PROBLEM TO WORK ON – Without any of its pictures, the listing below should be output exactly.

DATA PROVIDED –

········

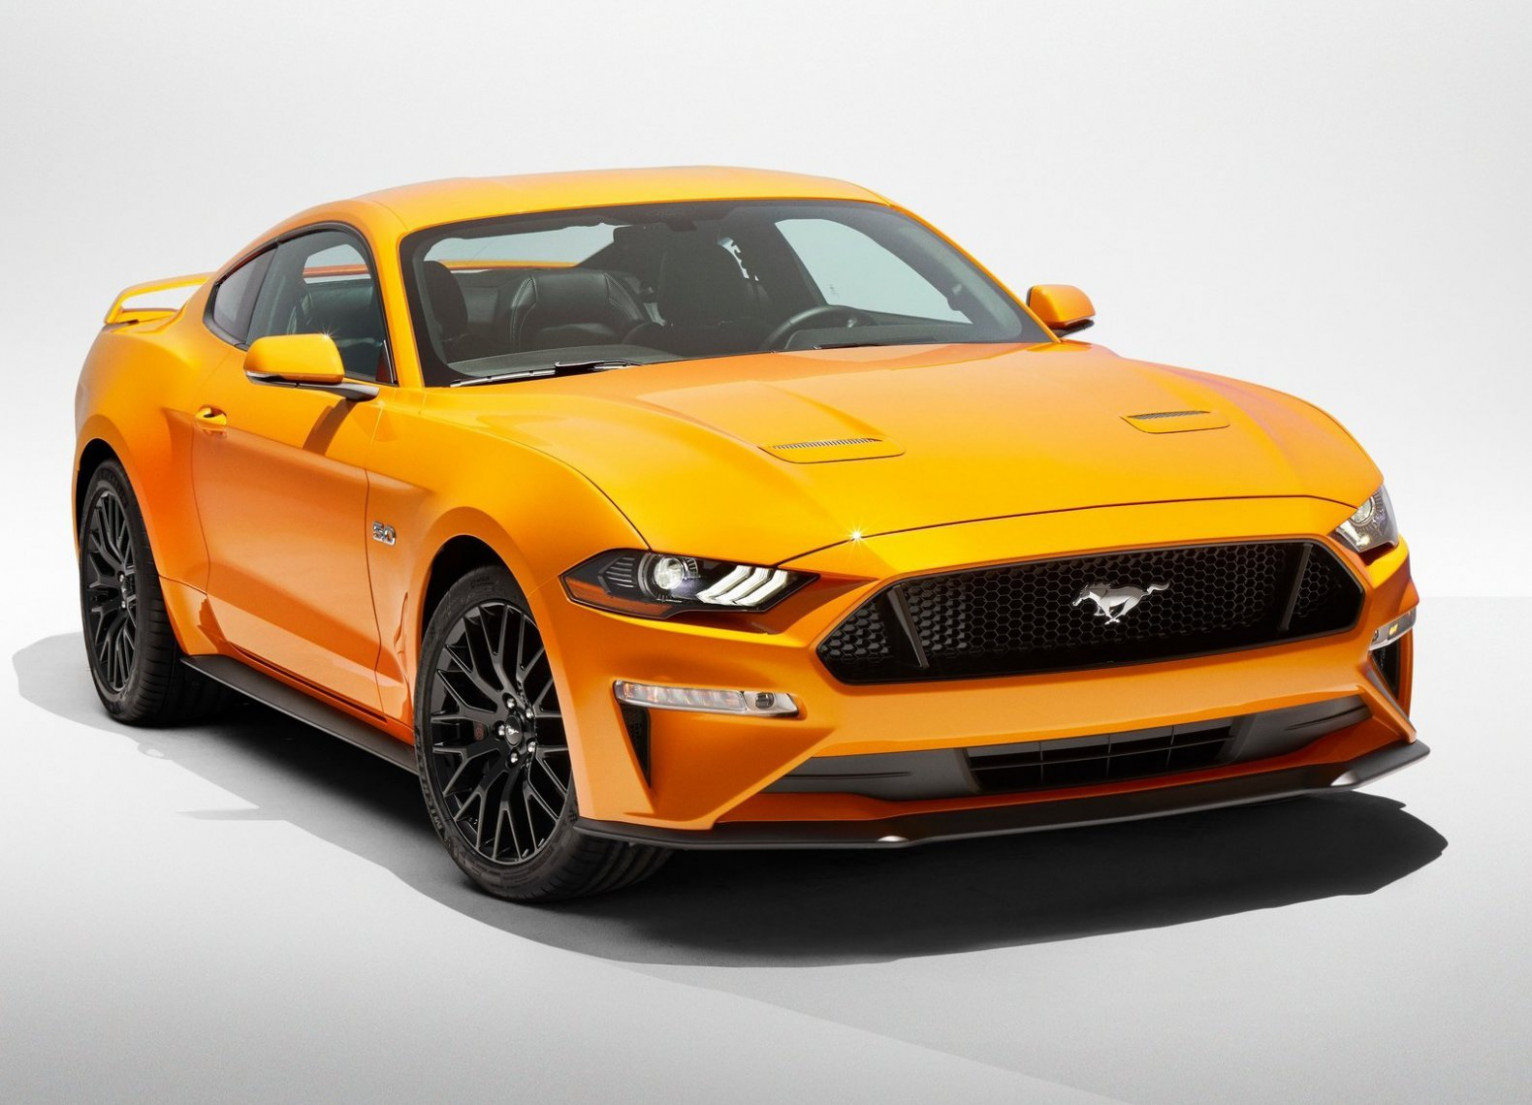 New Concept 2022 Mustang Rocket
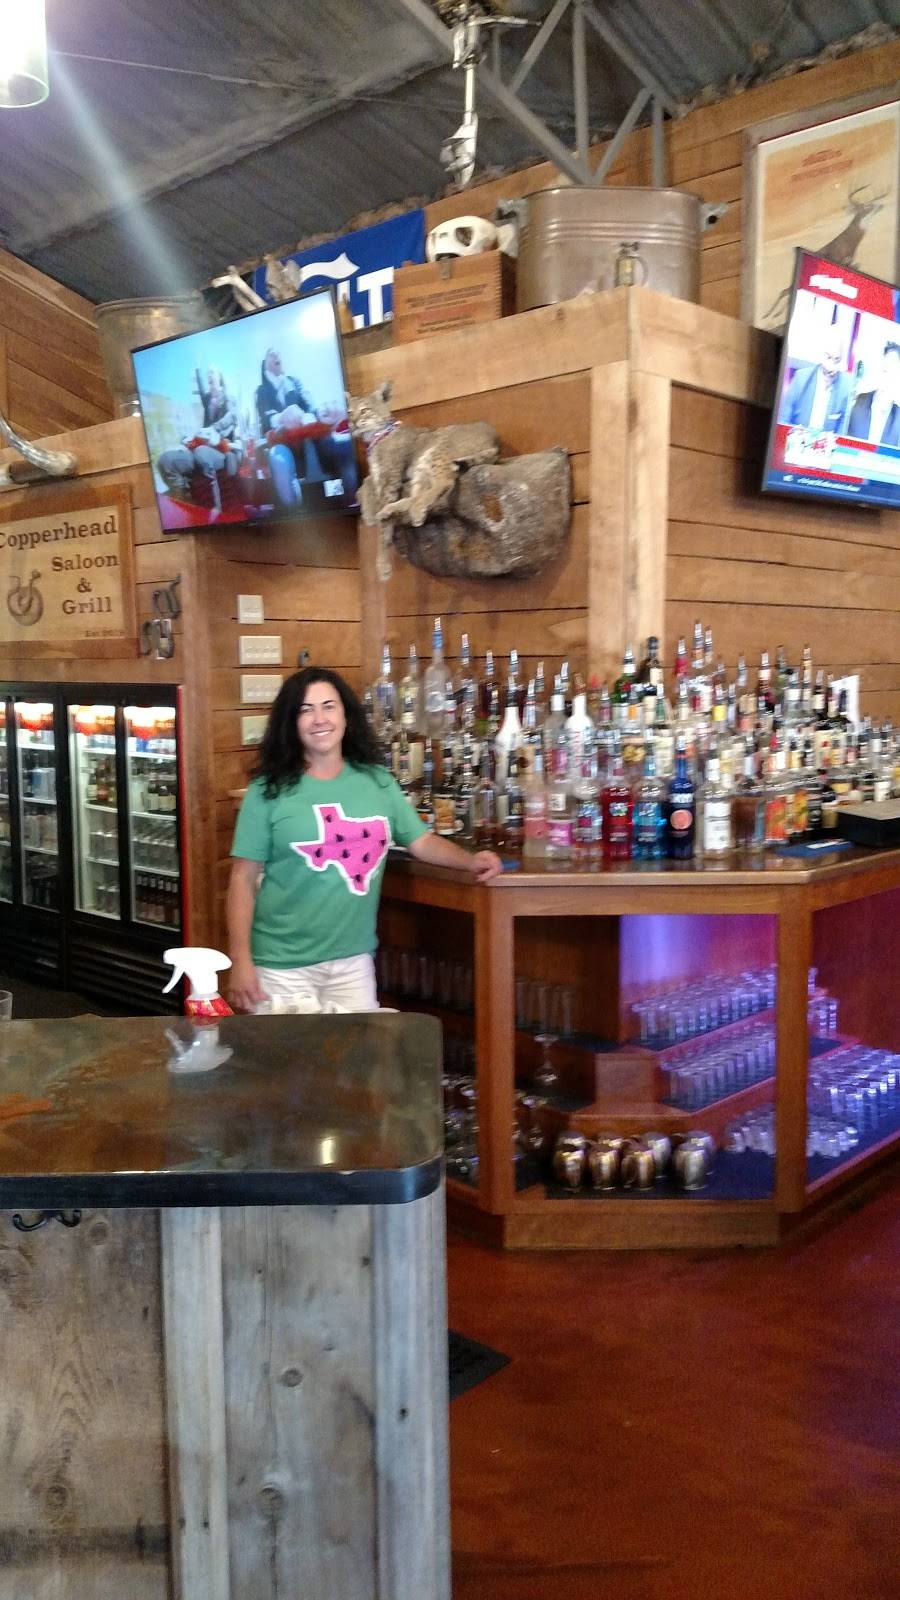 Copperhead Saloon & Grill   restaurant   802 IA-175, Stratford, IA 50249, USA   5158381972 OR +1 515-838-1972
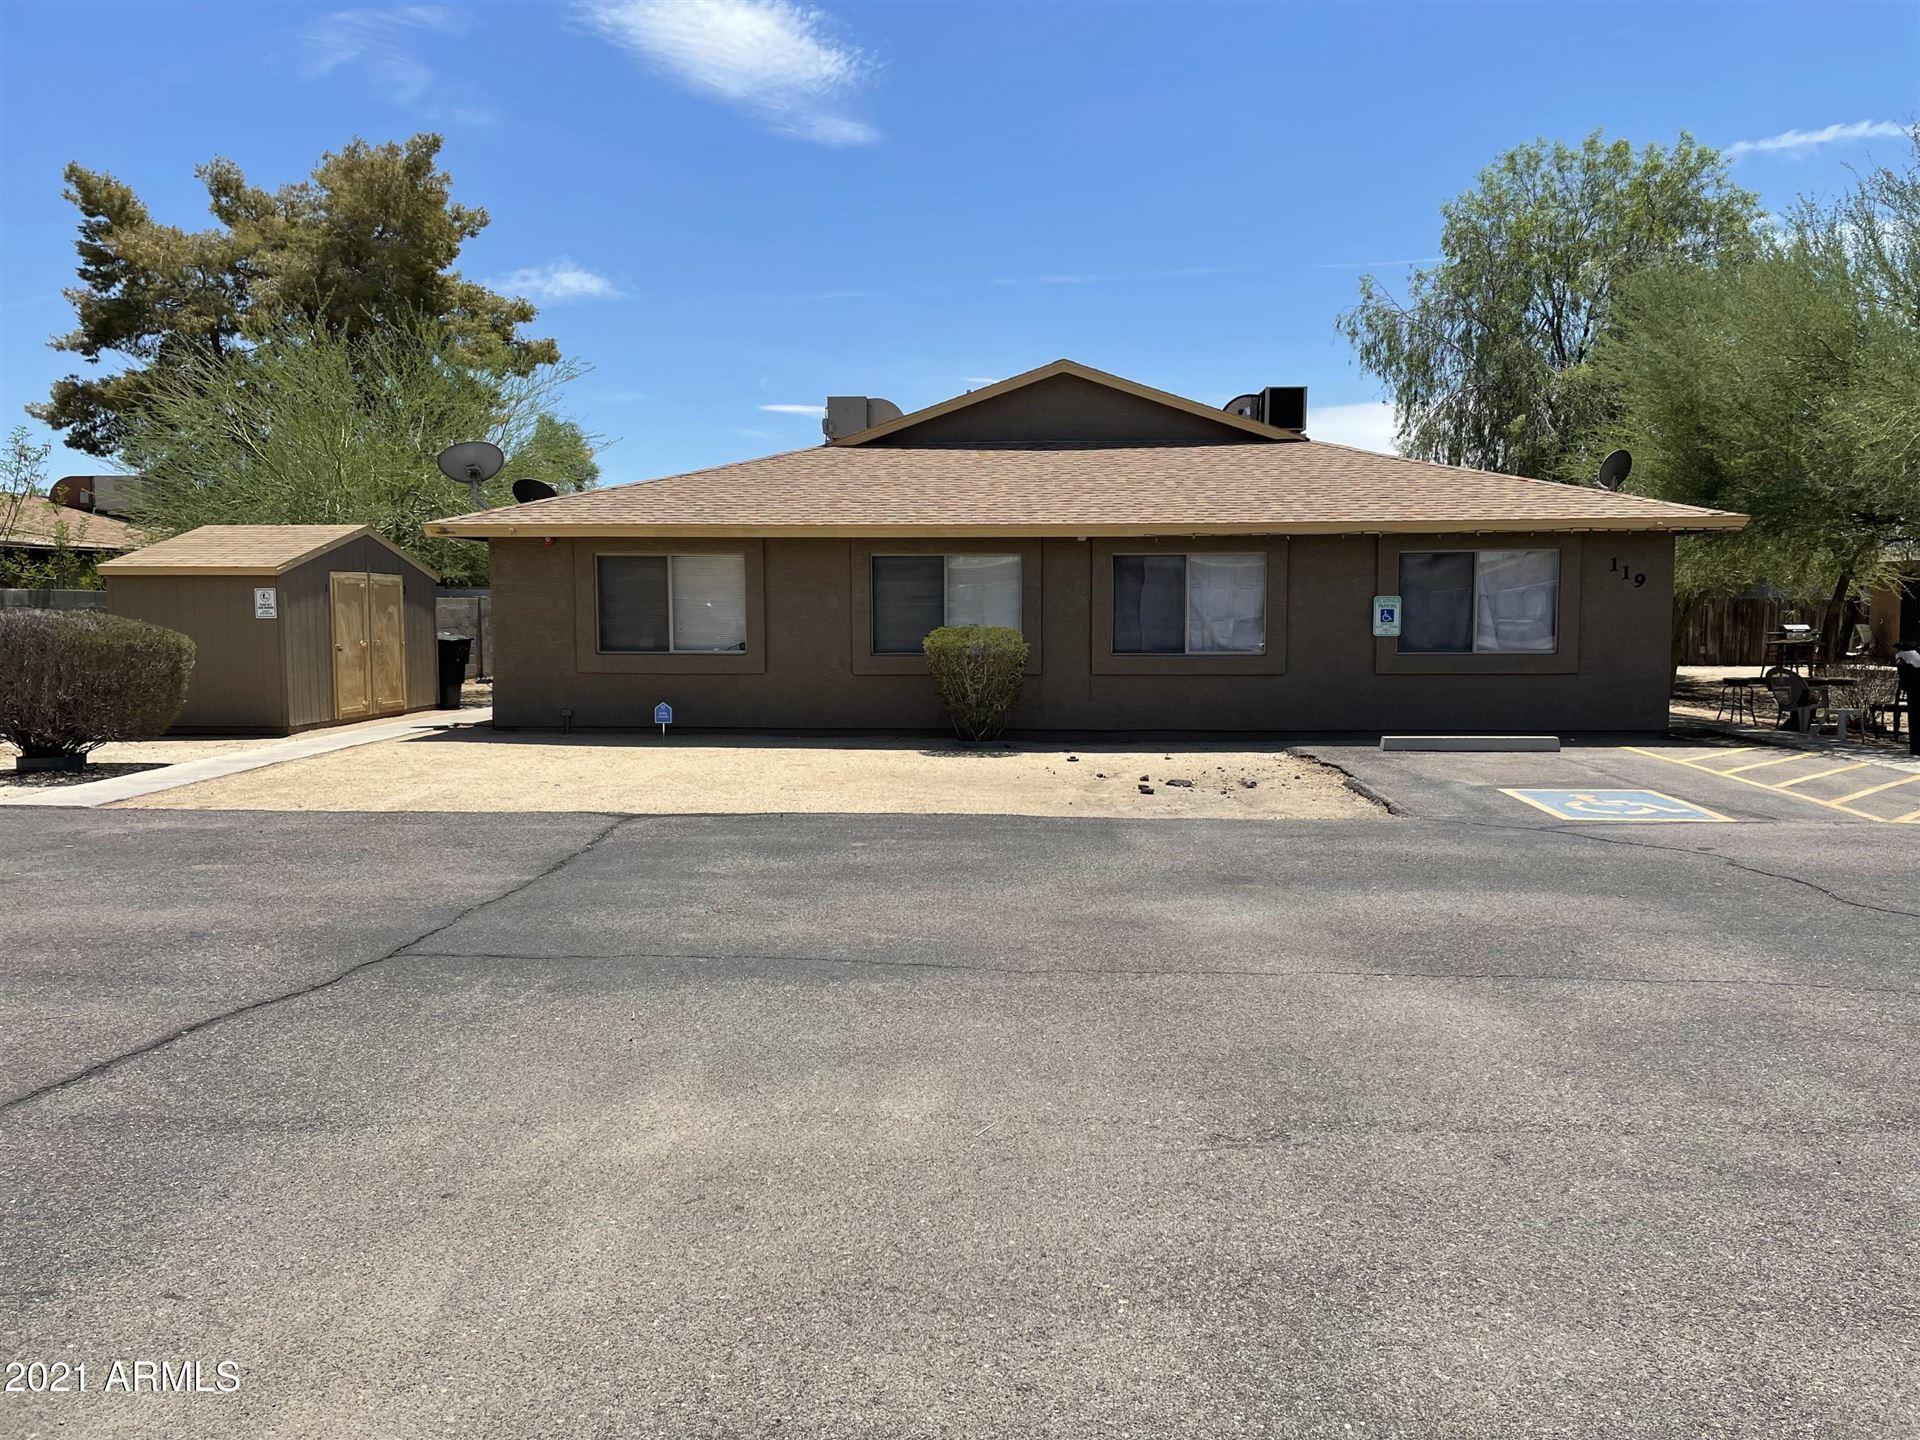 119 E INGRAM Street, Mesa, AZ 85201 - MLS#: 6268695
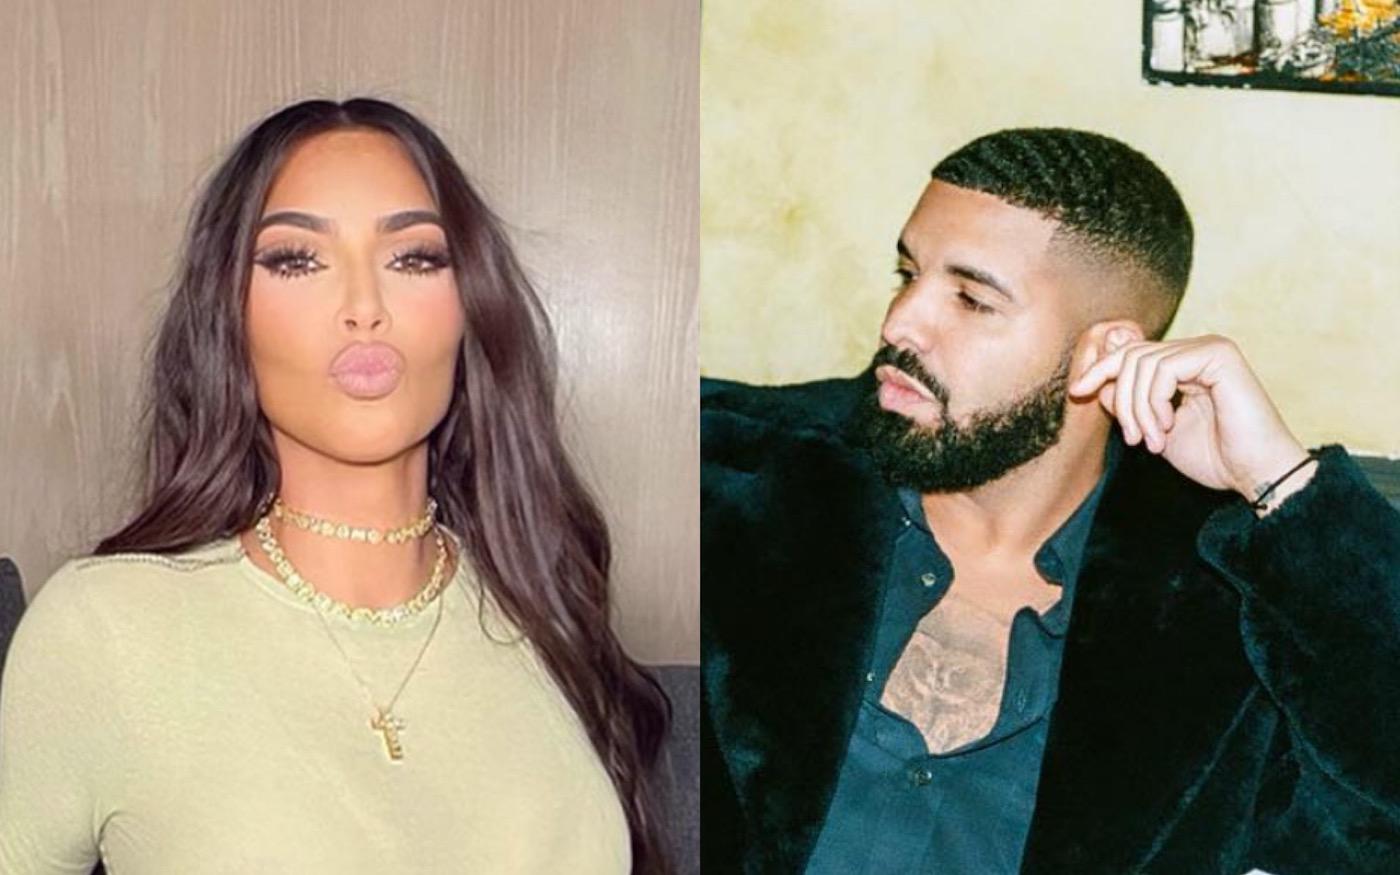 Drake Quickly Shuts Down Kim Kardashian Dating Rumors Amid Kanye West Divorce

········

YOUR RESPONSE –
 New Concept 2022 Mustang Rocket
 Copperhead Saloon & Grill   restaurant   802 IA-175, Stratford, IA 50249, USA   5158381972 OR +1 515-838-1972
 119 E INGRAM Street, Mesa, AZ 85201 - MLS#: 6268695
 Drake Quickly Shuts Down Kim Kardashian Dating Rumors Amid Kanye West Divorce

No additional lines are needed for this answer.